Ольга Старушко

Корабельная сторона


Скачать книгу

алендарь

      Смену сезонов в городе

      читаешь по трафаретам.

      Унылость букв сообразна

      самой манере письма.

      «Купаться запрещено»

      на шесте у берега – лето.

      Тренога «Опасная зона»

      в сосульках у дома – зима.

      Иных посланий не будет,

      даже и не надейся.

      Весною – «Ремонт дороги».

      Знаешь, чем их мостят.

      На горке, откуда в панике

      бегут трамвайные рельсы,

      Ветер срывает осенью

      с провода «Листопад».

      «Две сплошные. Всю дорогу – две сплошные…»

      Две сплошные. Всю дорогу – две сплошные.

      Ныне, присно и вовеки нераздельны.

      Мимо них летят дневные и ночные

      два безудержных потока параллельных.

      Чтобы что-то неизменно было белым,

      подновляет их ночами в ржавом свете,

      полосатых свечек понаделав,

      ангел в светоотражательном жилете.

      И лежат середь бензинового смрада,

      игнорируя решетки переходов,

      целомудренно возлюбленные чада

      свежей версией Тристана и Изольды.

      Как у них там дальше сложится – не знаю,

      но услышу: тормоза кричат визгливо.

      Глядь: а дальше-то всего одна сплошная,

      и на ней периодически – разрывы.

      Брод

      В прохладной полутьме подземных переходов

      в три флейты дышит Гайдн: за рубль или за так…

      Я у реки людской стою, не зная брода,

      и думаю о переправах и мостах.

      Мы были мастера крушить, сжигать и рушить —

      и видишь, вон куда теченьем занесло…

      Я опускаюсь вглубь. Гайдн просится наружу.

      Флейтист свой инструмент вздымает, как весло.

      Вот так мы и пройдём, мелькая в переходах,

      и истечет река, и обмелеет брод.

      …За рубль или трояк в любое время года.

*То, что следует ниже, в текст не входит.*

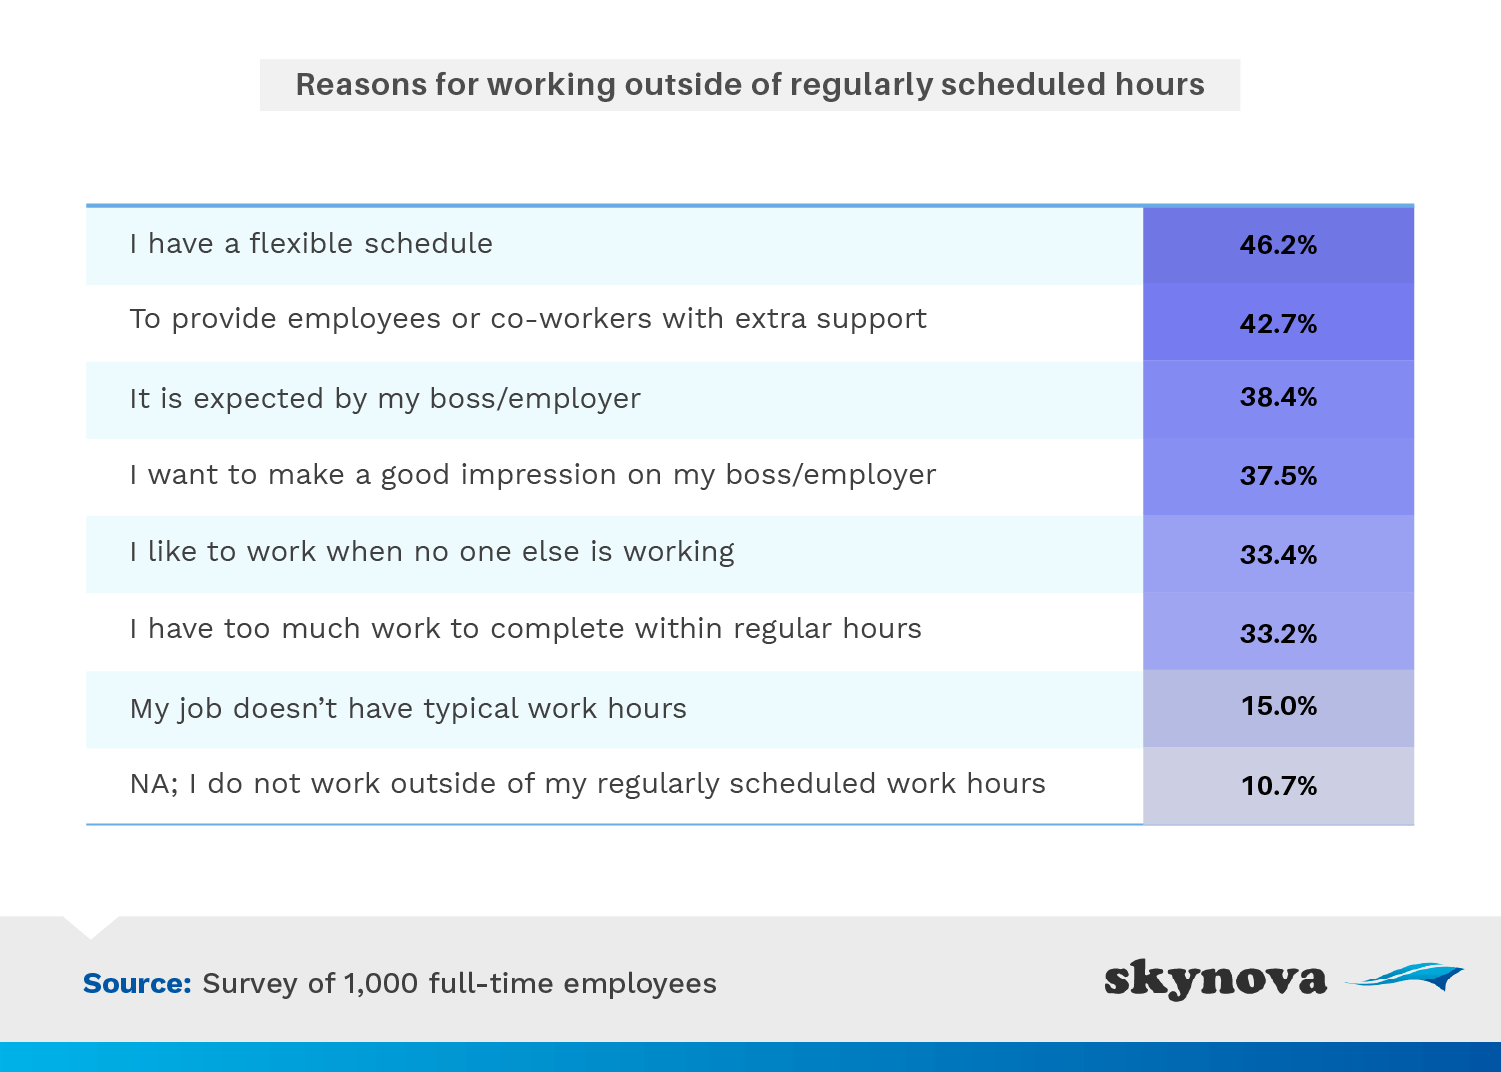 Reasons for working outside schedule

      Дешевле и Харон дотуда не берет.

      Соглядатай

      Яично-цинковой синички

      дежурный утренний визит.

      Стою, курю, ломаю спички —

      сидит, через плечо глядит.

      Голодный взгляд. Головка набок.

      Затылок чёрен. Плащик сер.

      Откроешь дверь – блюдет порядок

      мой личный улиционер.

      Ни зёрен ей, ни сальной шкурки:

      квартира, сданная внаём.

      И на балконе лишь окурки

      и выстиранное бельё.

      Как говорится, взятки гладки…

      А съеду – невелик урон.

      Конец четвертого десятка.

      Еще не время для ворон.

      Дозрела

      Весь мир на кого-то и как-нибудь делится,

      и в этом источник комедий и драм.

      Собаки гуляют собаковладельцев,

      а кошковладельцы сидят по домам.

      Вот клеть, где арбузы тюремными робами

      толкались, пока их не пустят в расход.

      Тут нынче повязаны елки: с сугробами

      на несколько суток пришел их черед.

      Пока в нас нужда, мы чего-то да стоим

      и службу исполним в назначенный день.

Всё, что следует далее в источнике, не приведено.